# Meet Bindi :)



## Chloes mom (Jul 24, 2012)

Hi everyone aren't I just about the cutest little girl you have ever seen? The people at the rescue think I am a Malti Poo, what do you think? I weigh 7.8 pounds and am only one year old. Let me tell you I have not always looked so incredibly adorable. Life started out a little rough for me and somehow I ended up in Milwaukee Animal Control! I had been running the dangerous streets of Milwaukee when animal control caught me, and let me tell you the streets are a scary place for a cute little girl like me. Thankfully the very nice people from North Central Maltese Rescue saved me and now I am living with my new foster family and boy do I love that! Living with a family is just about the greatest thing in the world. I get to sleep in bed at night with my foster Mom and Dad and little foster brother and sister dogs. I get really excited when Mom says it is bed time, I curl right up and sleep all night long until it is time to wake up in the morning. I also have two foster brothers that are huge compared to me and I like them too.
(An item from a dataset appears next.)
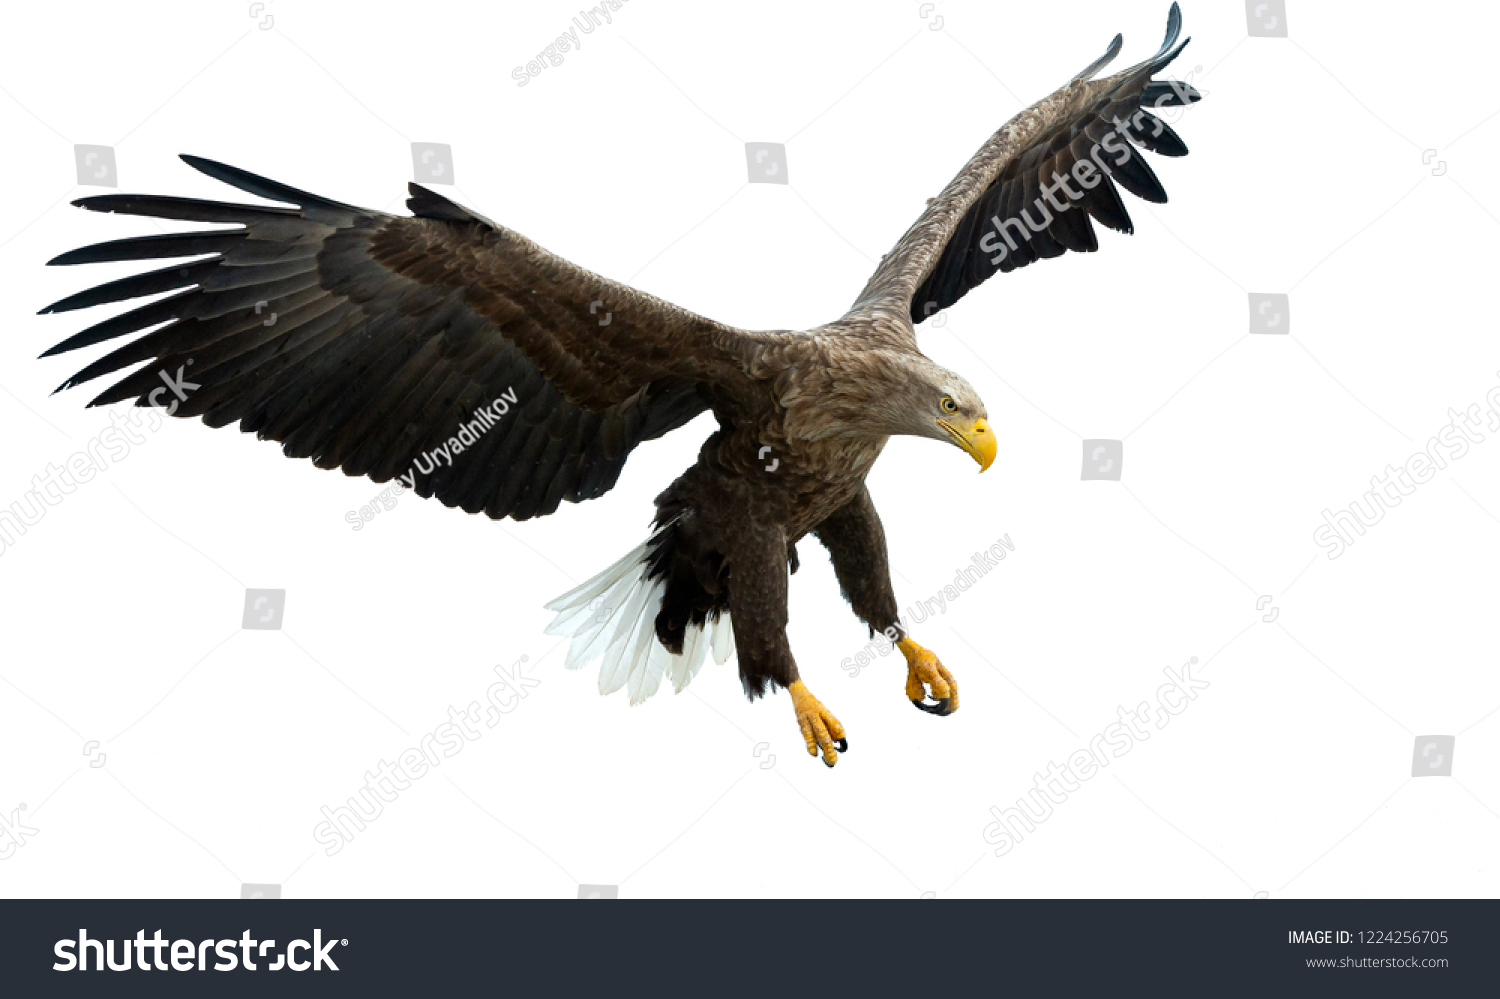 Adult White tailed eagle in flight. Isolated on White background. Scientific name: Haliaeetus albicilla, also known as the ern, erne, gray eagle, Eurasian sea eagle and white-tailed sea-eagle. #1224256705

There is even a cat that lives with us and I am always nice to him, I will even let him sleep in bed with us at night. I love to go on walks with my foster Mom and sometimes I get to ride in the doggy stroller. I think my favorite part of the day is when my foster Dad comes home at night, I give him lots of kisses and then snuggle up in his lap and we watch TV together. I guess you could say I am the perfect lap dog. I ride really nice in the car too I like to sit in the doggy car seat and look out the window. I am doing good with my house training and as long as you take me outside regularly I will go potty outside. When Mom and Dad go to work they leave me with the other dogs and I am a very good girl and never do anything wrong. I stand on my hind legs and dance for treats ; Mom says I am super smart. I am up to date on my shots have been spayed, micro chipped and had a dental ( I had to have some puppy teeth removed) . Now all I need is a family that is all mine, if you think you would like a cute little girl like me to be part of your family I promise I will love you forever if you will love me! I am currently living with my foster family in Fremont Wisconsin, if you would like to learn more about me please call Mary Palmer at 262-800-3323.


----------



## Ann Mother (Dec 18, 2013)

What a adorable little girl😃


----------



## Snuggle's Mom (Jan 3, 2008)

Sure wish that I lived closer as I would love to have her!! Just look at that precious little face!!


----------



## Furbabies mom (Jul 25, 2011)

Aww she's precious! Hope she finds her forever home soon.


----------



## Tanner's Mom (May 27, 2005)

Oh how cute. You won't have her long.


----------



## Lou's Mom (Apr 8, 2014)

Adorable - those beautiful little eyes just melt your heart! Hope she finds a home soon!


----------



## Fee (Oct 26, 2013)

Look at that stylish hairstyle and that cute little face!!! I just wanna kiss her little nose :heart:


----------



## michellerobison (Dec 17, 2009)

She is soooo doggone cute!


----------



## sassy's mommy (Aug 29, 2005)

She is just too cute! Love her little face.


----------



## nwyant1946 (Jan 2, 2013)

*:smpullhair:Why are they all so far away from me?? :smilie_tischkante:*


----------



## The A Team (Dec 1, 2005)

I keep thinking of Paula......how far away are these two???


----------



## Pooh's mommy (Aug 31, 2014)

Very Adorable!!! Hope this baby finds her forever home very soon:wub:


----------